> _Task instructions_
Extract each line of the material that follows exactly and omit its pictures.
-------- Given data
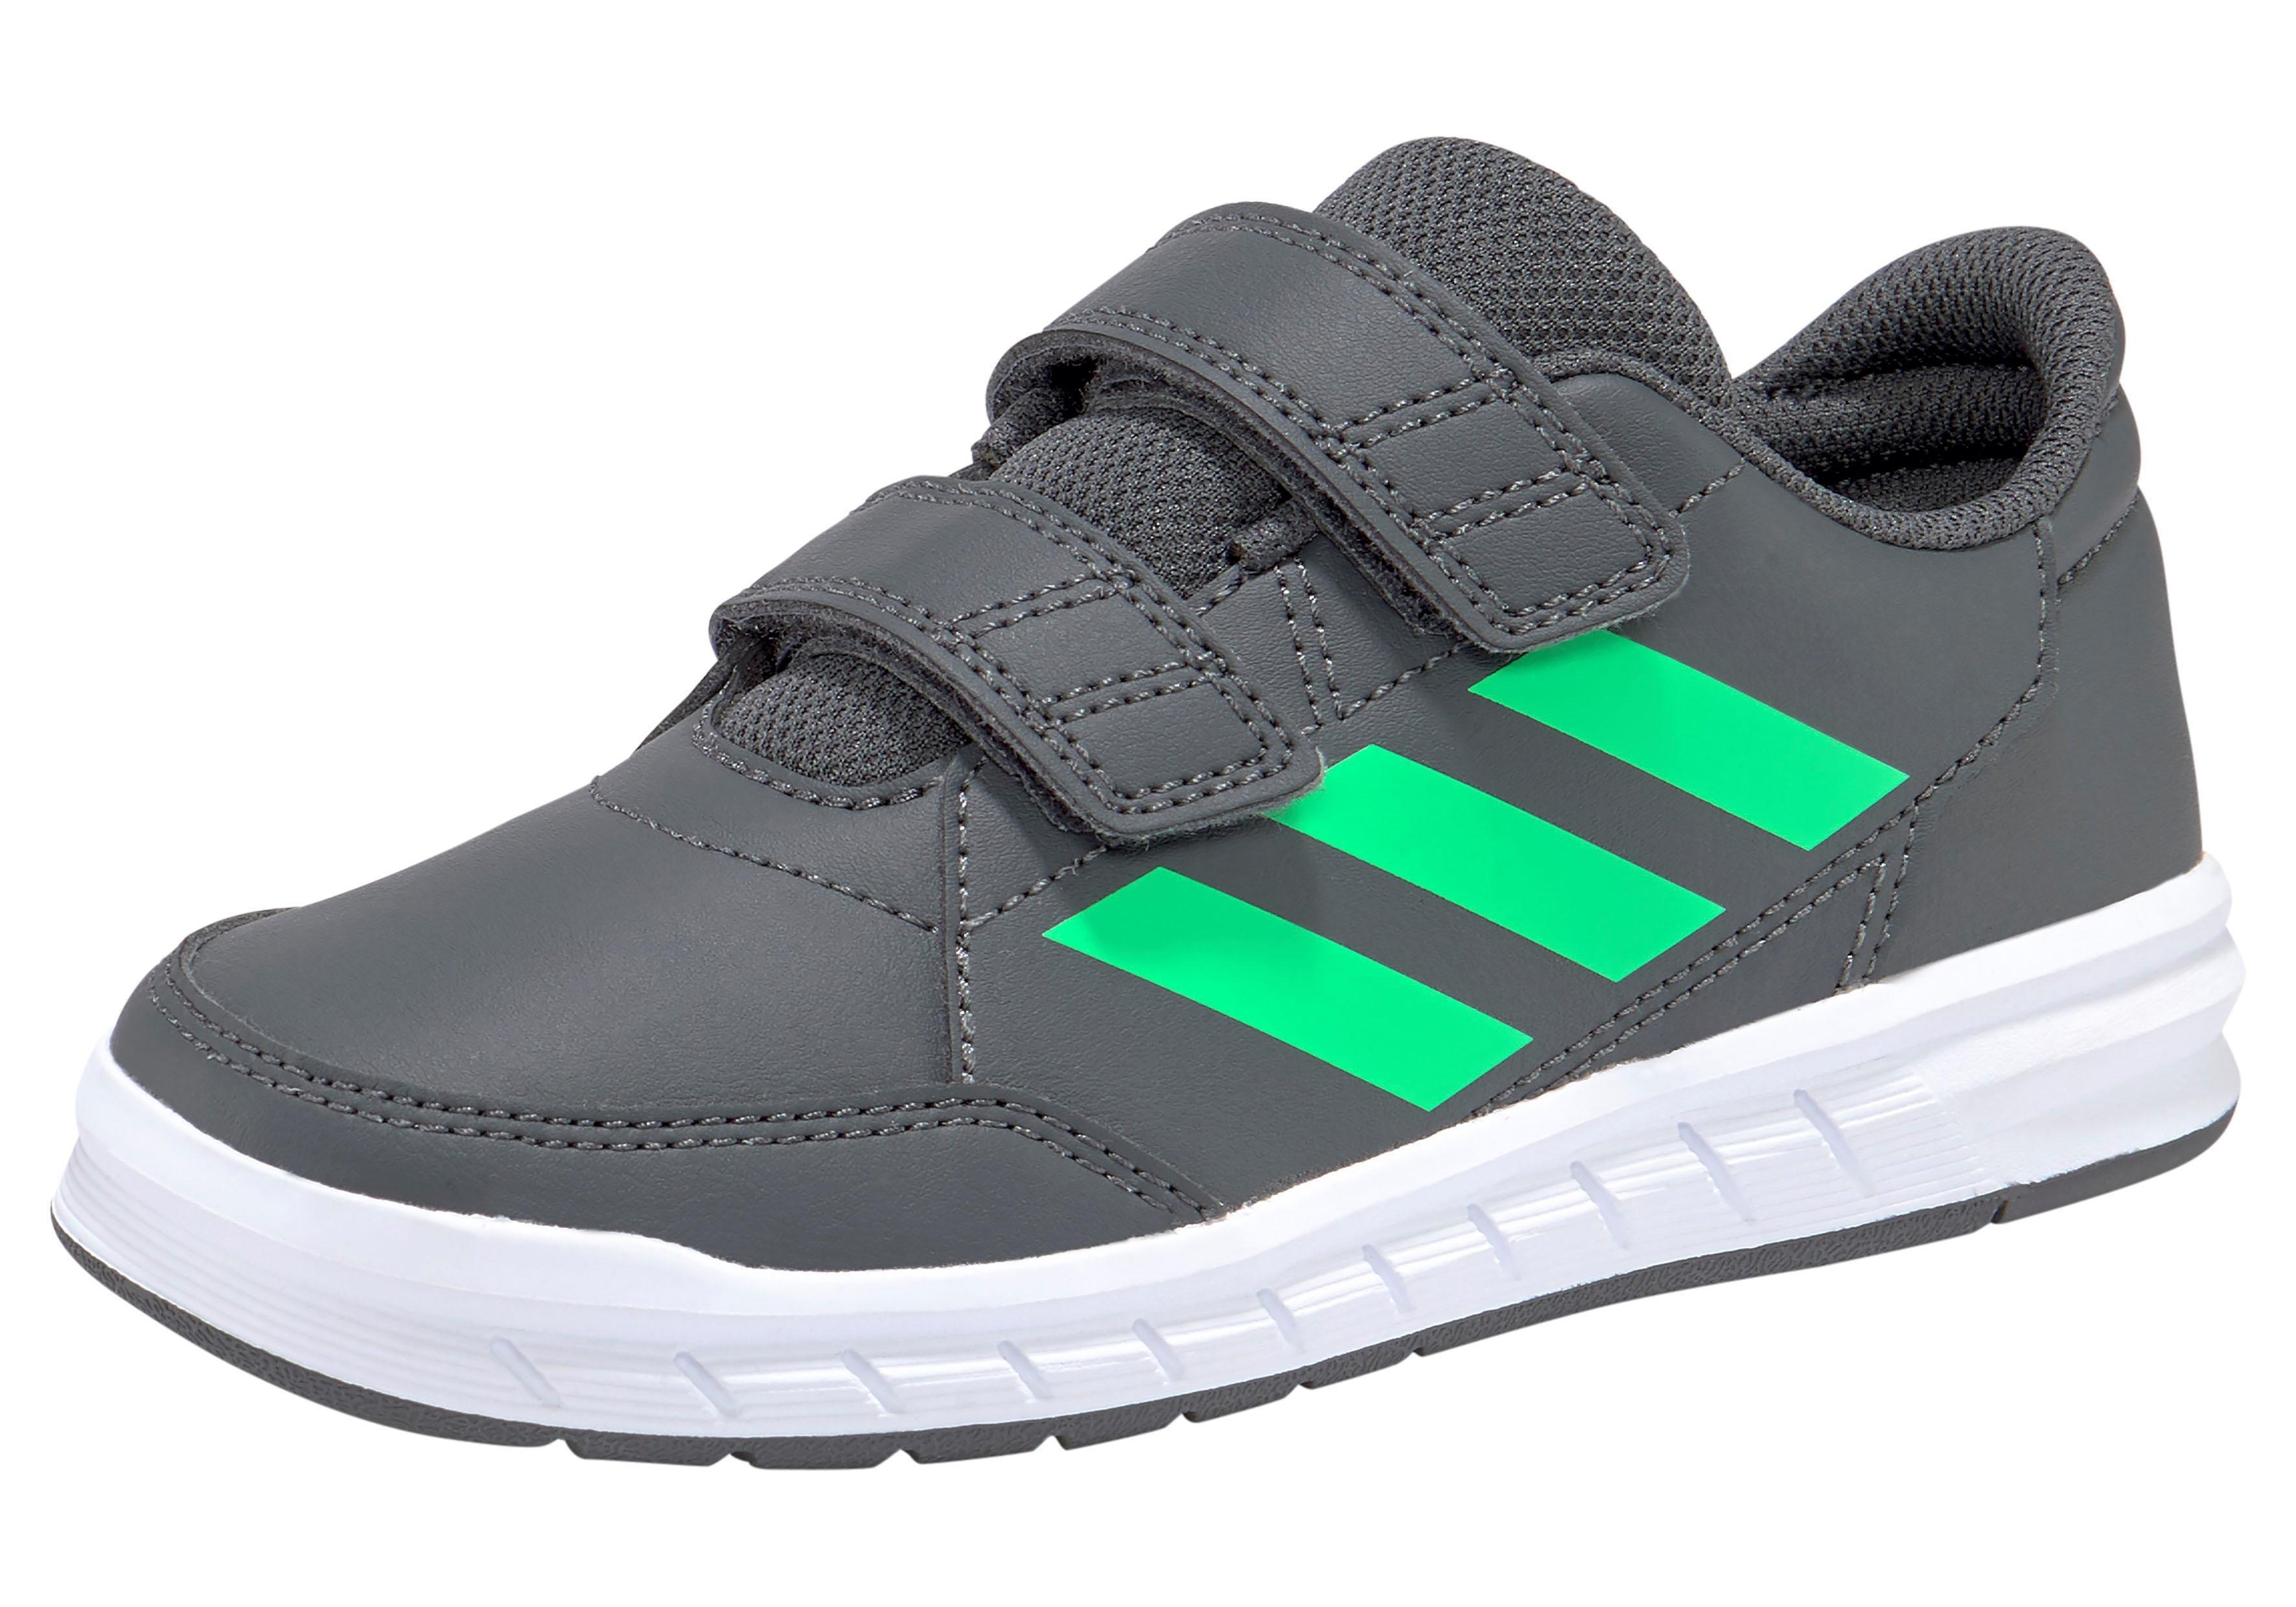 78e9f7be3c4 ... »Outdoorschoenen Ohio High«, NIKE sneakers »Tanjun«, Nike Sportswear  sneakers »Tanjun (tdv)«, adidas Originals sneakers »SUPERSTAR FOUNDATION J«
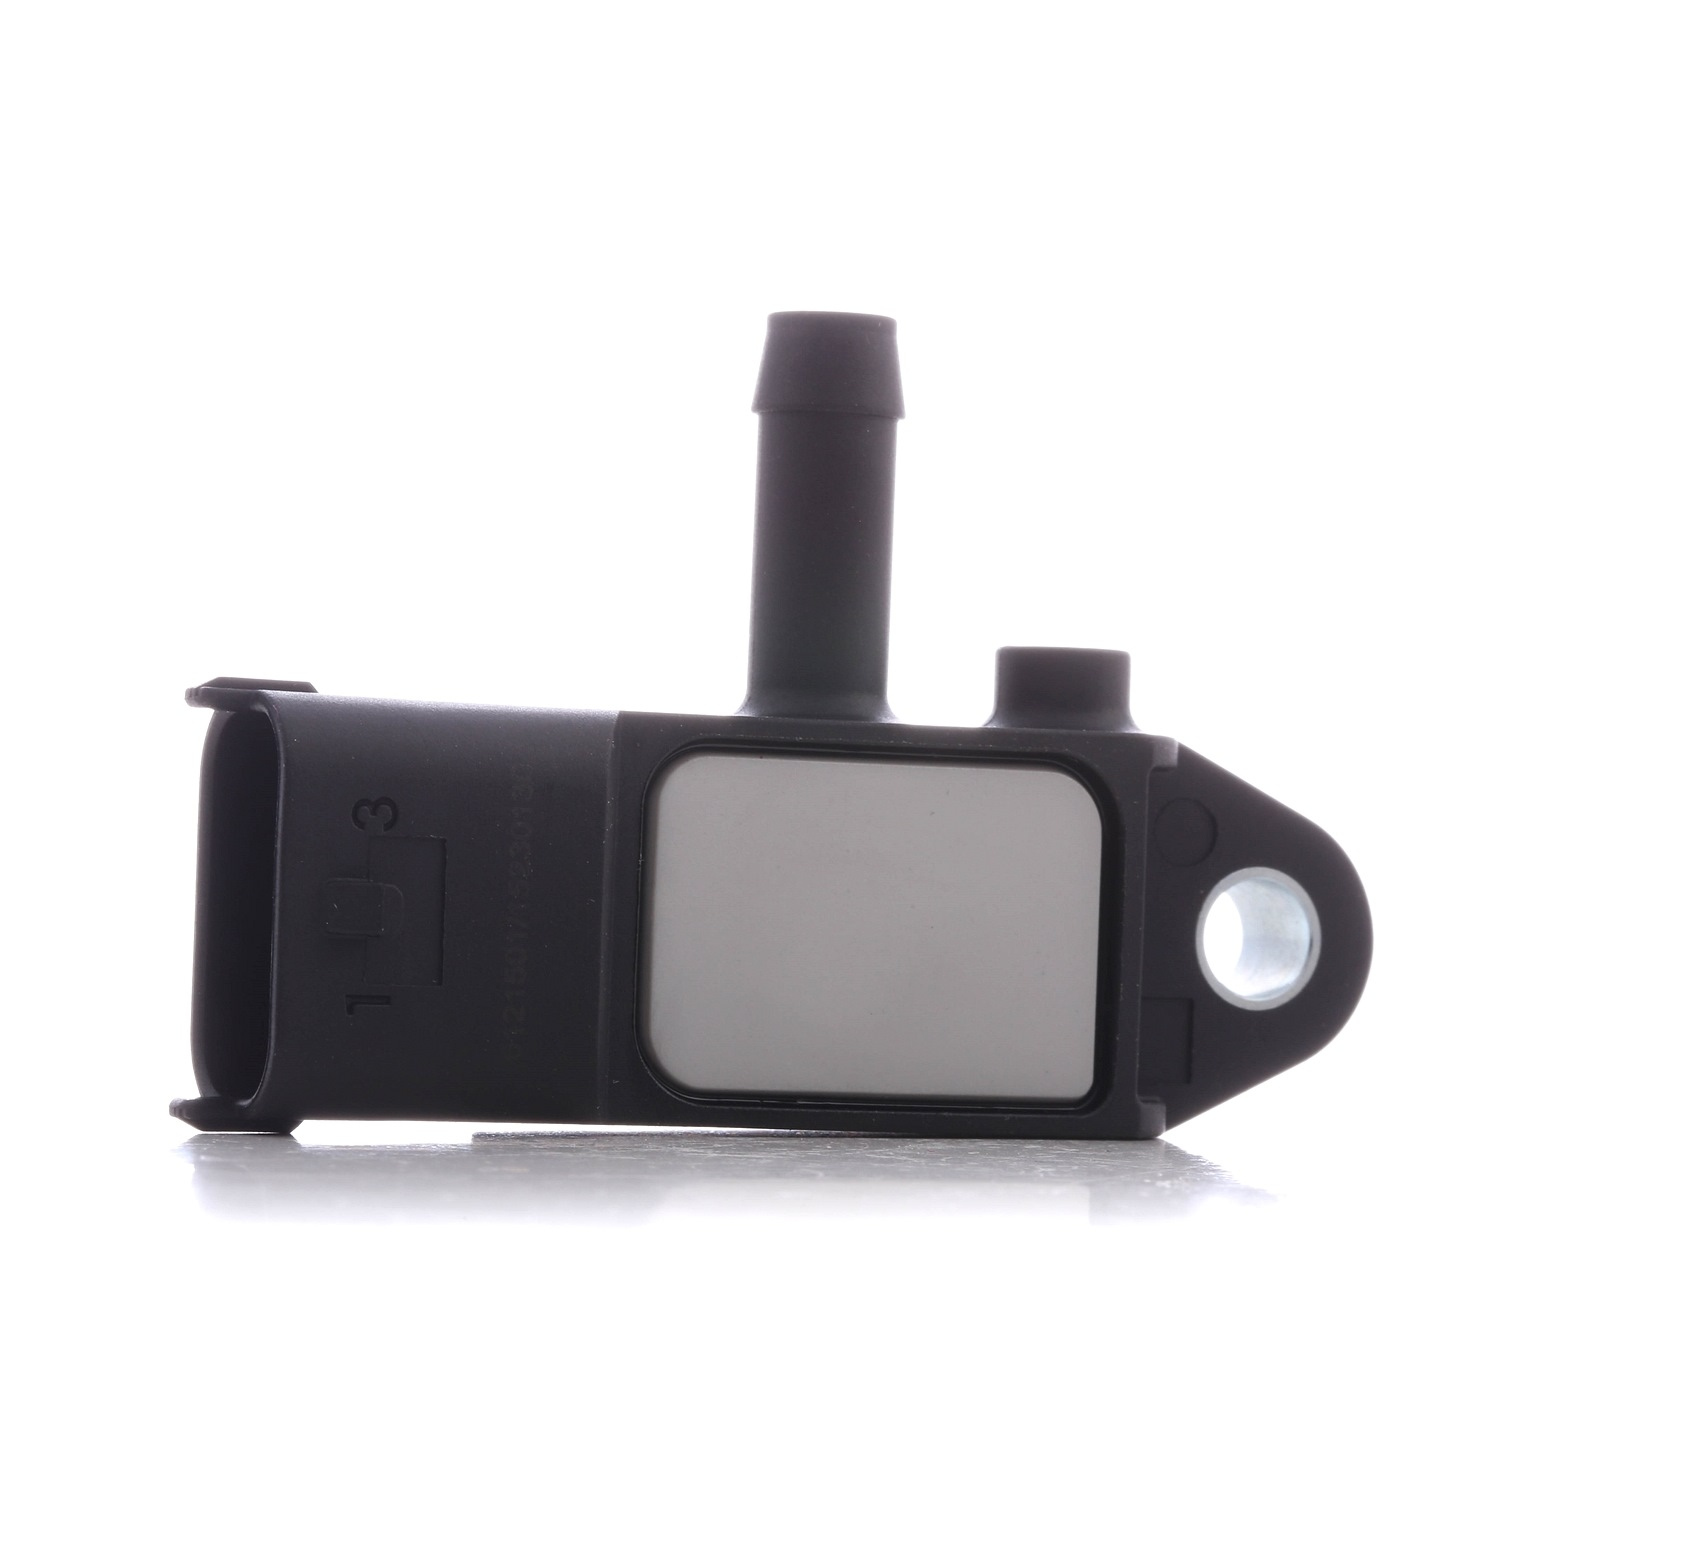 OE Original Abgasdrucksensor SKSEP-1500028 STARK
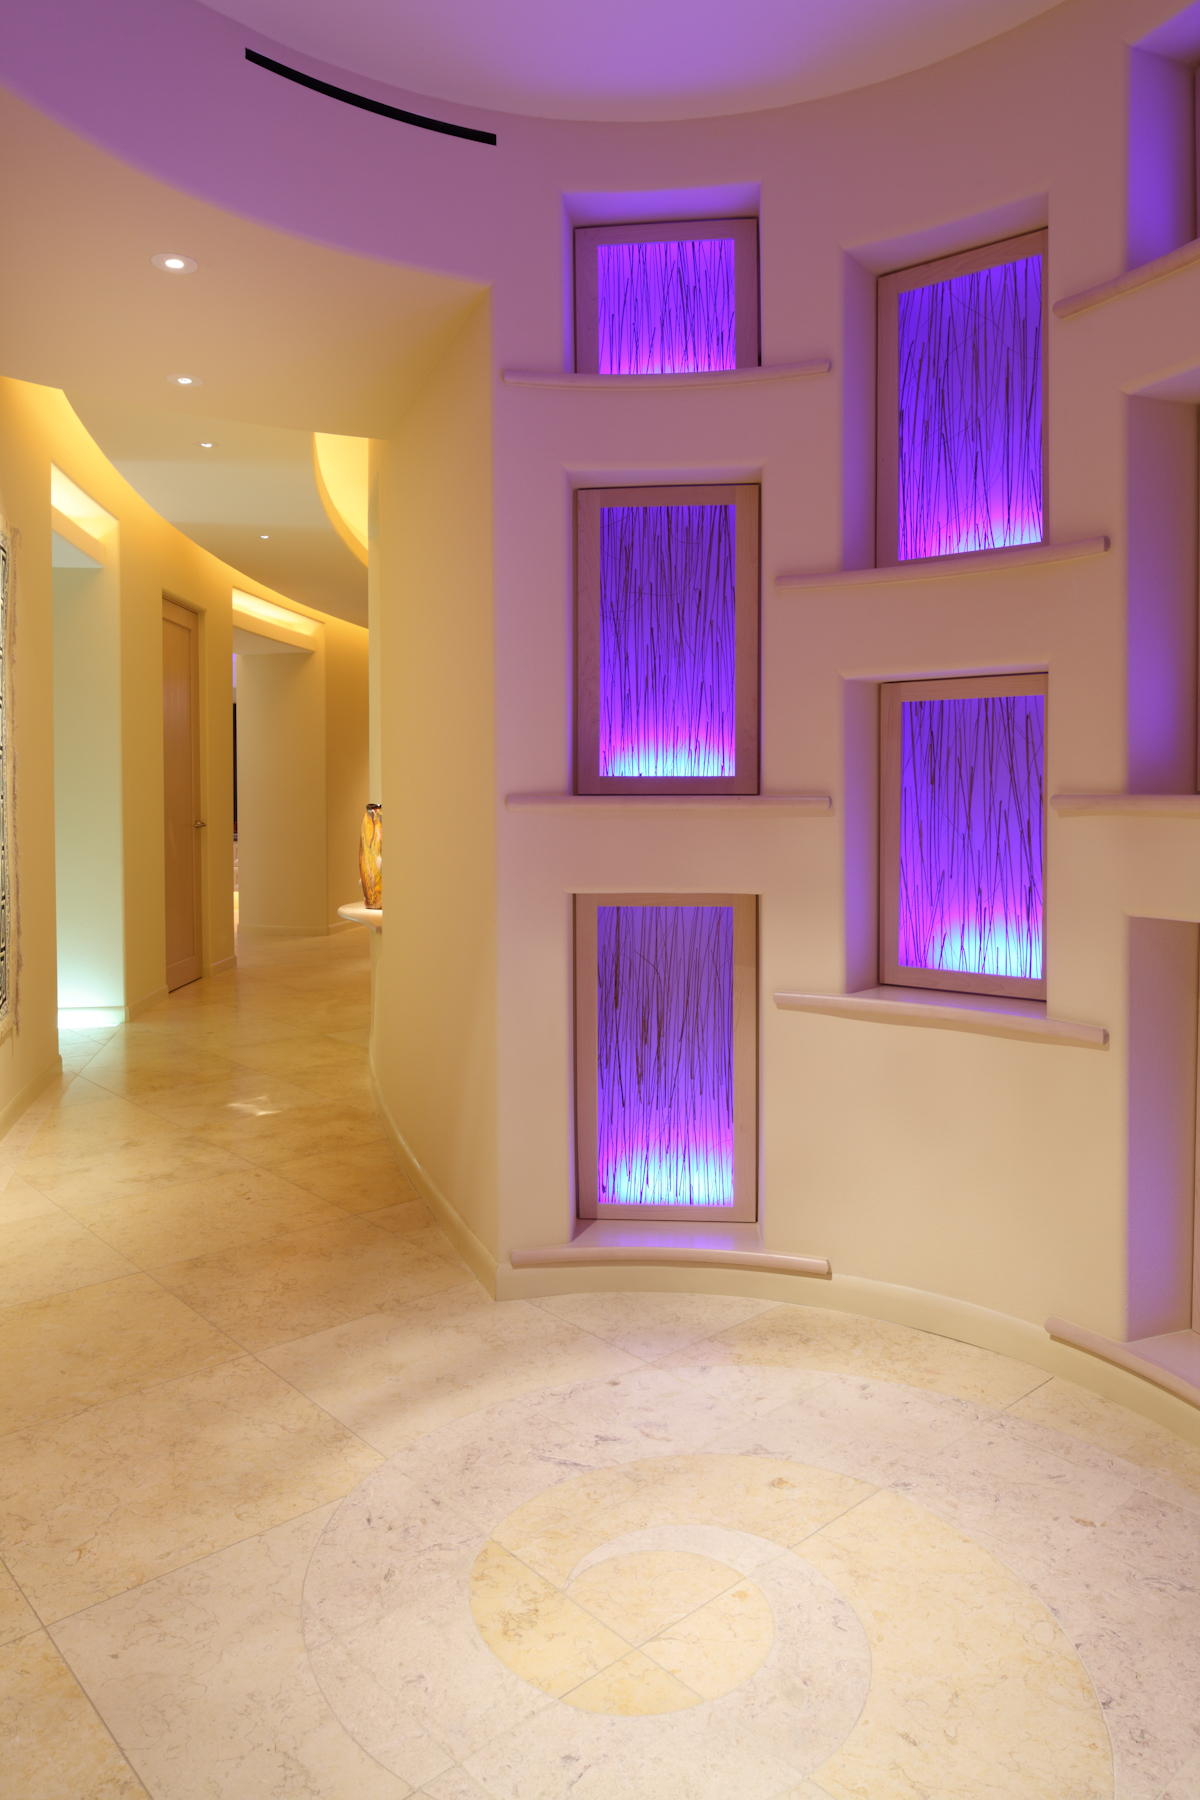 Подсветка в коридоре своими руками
----------------
> _Output_
 78e9f7be3c4 ... »Outdoorschoenen Ohio High«, NIKE sneakers »Tanjun«, Nike Sportswear  sneakers »Tanjun (tdv)«, adidas Originals sneakers »SUPERSTAR FOUNDATION J«
 OE Original Abgasdrucksensor SKSEP-1500028 STARK
 Подсветка в коридоре своими руками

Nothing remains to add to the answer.